REVITALIZATION AND UPGRADING OF THE CENTRAL ZONE OF KHEDIVE’S CAIRO – INTERNATIONAL RESTRICTED COMPETITION
Il programma del concorso per la rivitalizzazione del centro di Cairo ha cercato di riaffermare i suoi valori ecumenici e patrimoniale nel tempo presente. Per fare questo, la necessità di una nuova centralità è diventatA chiaro, seguita subito dalle strategie per la creazione di un nuova scala più umana.
Tenendo conto delle chiare differenze culturali nell’uso dello spazio pubblico, contro l’Occidente (anche se vi è un certo grado di fascinazione per il comportamento occidentale e la vita urbana quotidiana ), ciò che immediatamente ha attirato la nostra attenzione è stata la quasi totale assenza di qualsiasi significativa spazio pubblico o anche vuoti urbani di qualsiasi dimensione la pena ricordare .
Grande vuoto urbano della città è il Nilo stesso, la zona vuota che è il suo alveo, il corso del fiume e del suo litorale . Si fa una profonda impressione sui nostri sensi quando ci avviciniamo a questa vasta area in cui tutto cambia – la luce , il livello di inquinamento dell’aria, la temperatura, il vento , e la vastità della vista . Questo vuoto è ancora pensato in questo modo dalla gente del posto , che cercano fuori, soprattutto in estate, come spazio out- of-the – ordinario, di freddezza, di brezze serali , improvvisando sulle rive ei ponti, riposo e aree contemplazione .
Gli spazi pubblici del Cairo sono per lo più l’impostazione per la nazionale , la famiglia, o di attività personale , in qualità di estensioni per la vita all’interno della casa – mangiare, dormire, guardare la televisione , la riproduzione di musica , ascoltare musica, ballare , pregare o di spazi per il commercio . Lo spazio pubblico è più uno spazio in cui un sacco di attività domestiche coincide di uno spazio veramente collettiva; questa grande enfasi su una appropriazione dello spazio collettivo è il risultato della sua ricettività di domesticità .

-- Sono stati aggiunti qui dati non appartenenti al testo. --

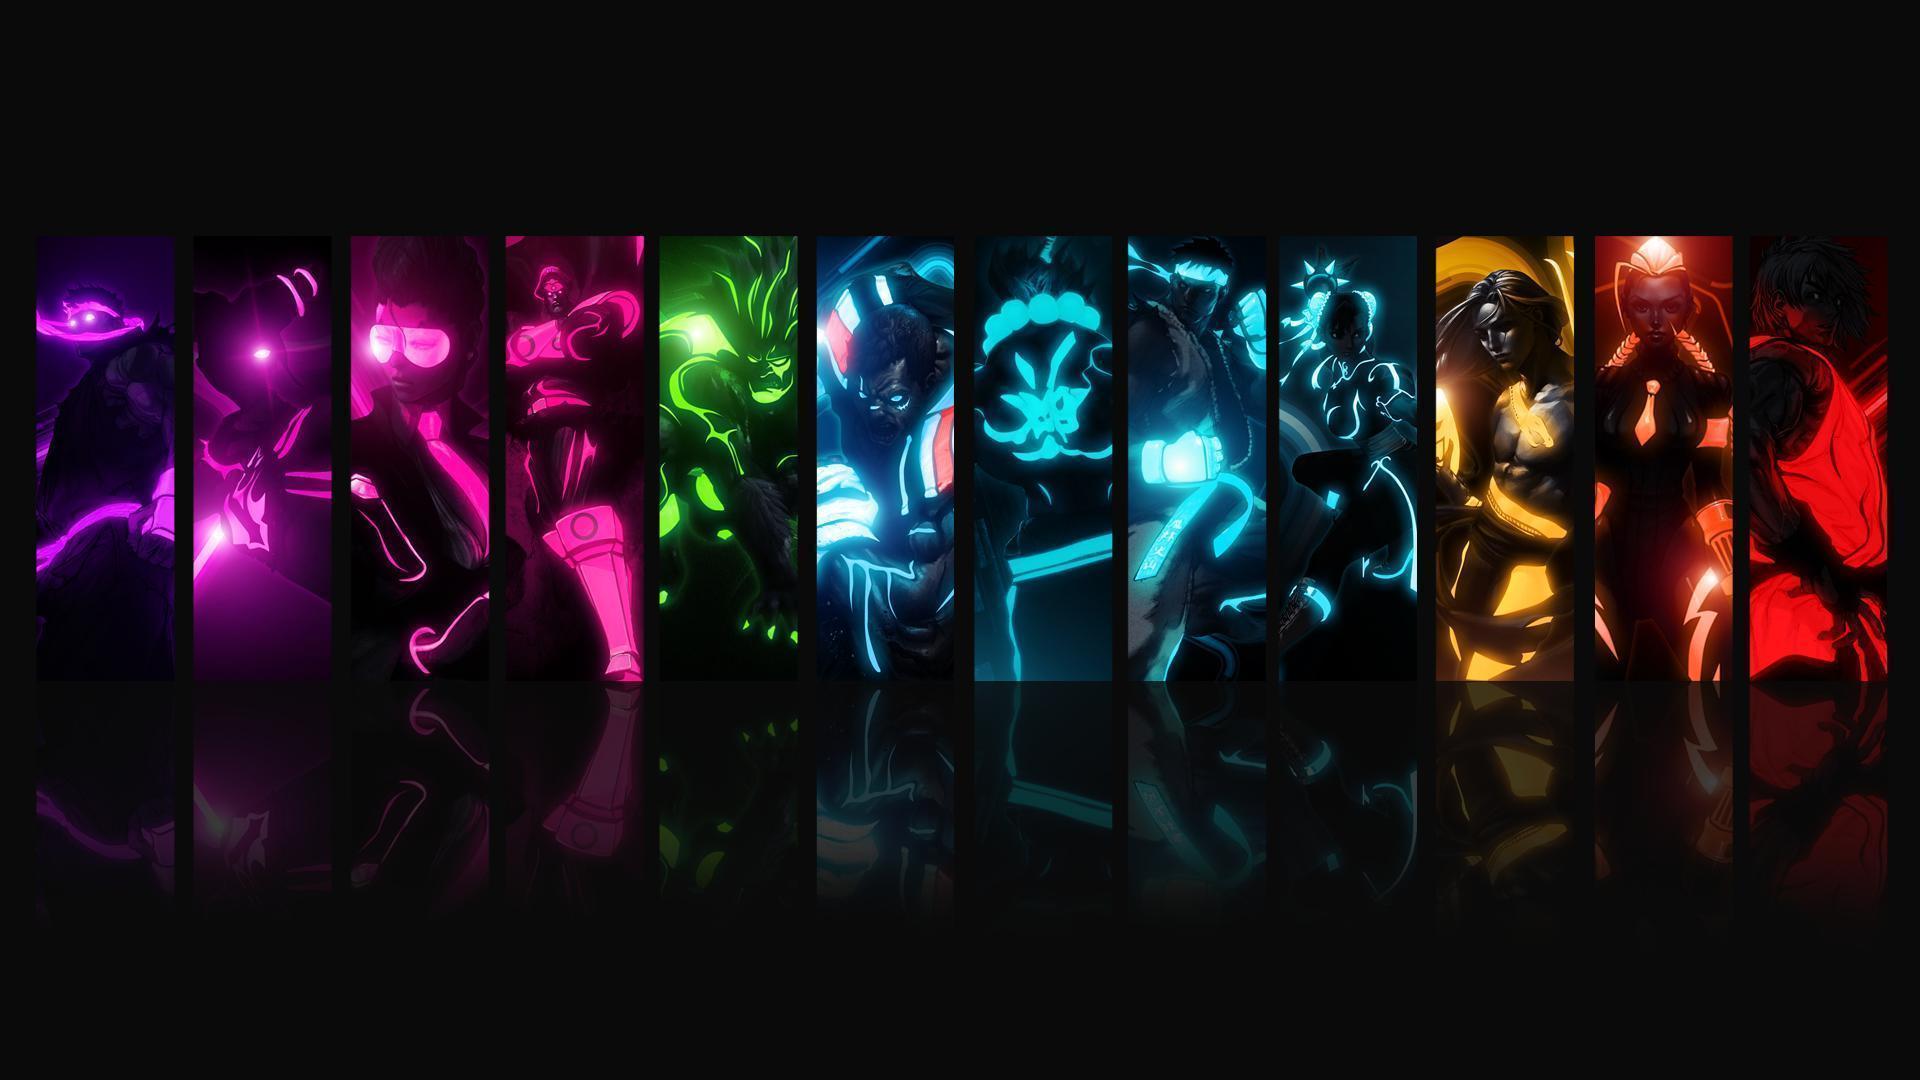 Neon Backgrounds For Desktop - Wallpaper Cave
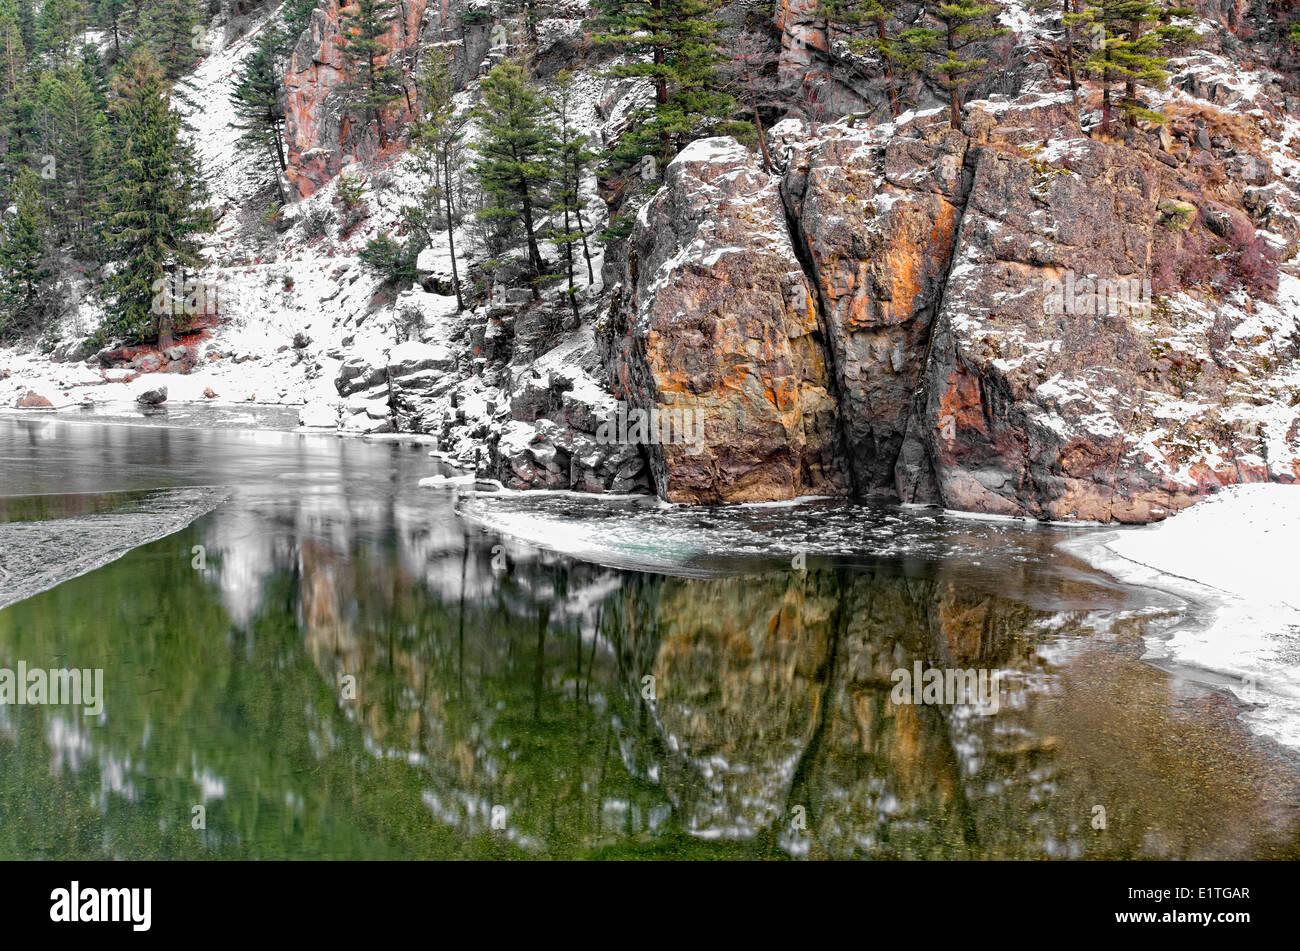 Similkameen River, Bromley Rock Provincial Park, British Columbia, Canada - Stock Image

Il modo in cui la macchina ha dominato gli spazi al di fuori della città è noto, e non meno impressionante di altri stanziamenti . Ogni vuoto è definita dal peso schiacciante delle regole e forme adattate alla circolazione del traffico . Nella lotta tra pedoni e auto, quest’ultima ha distrutto uno dopo l’altro ogni spazio aperto con sufficiente carisma per diventare una rappresentazione iconica della città . In assenza di tali spazi matrimoni vengono fotografati sui ponti del Nilo, di fronte hotel, e nei giardini zoologici .
C’è stata una chiara necessità di unire gli sforzi per ridefinire l’equilibrio tra gli spazi per la circolazione del traffico e quella dei pedoni , un compito che porterebbe inevitabilmente alla ristrutturazione del tracciato stradale, la formulazione di nuovi profili di strada e di nuovi schemi di circolazione. Tutto questo ha diversi gradi di complessità, e aveva bisogno di tempi diversi per consentire alla città di crescere abituati a nuovi modi di vivere.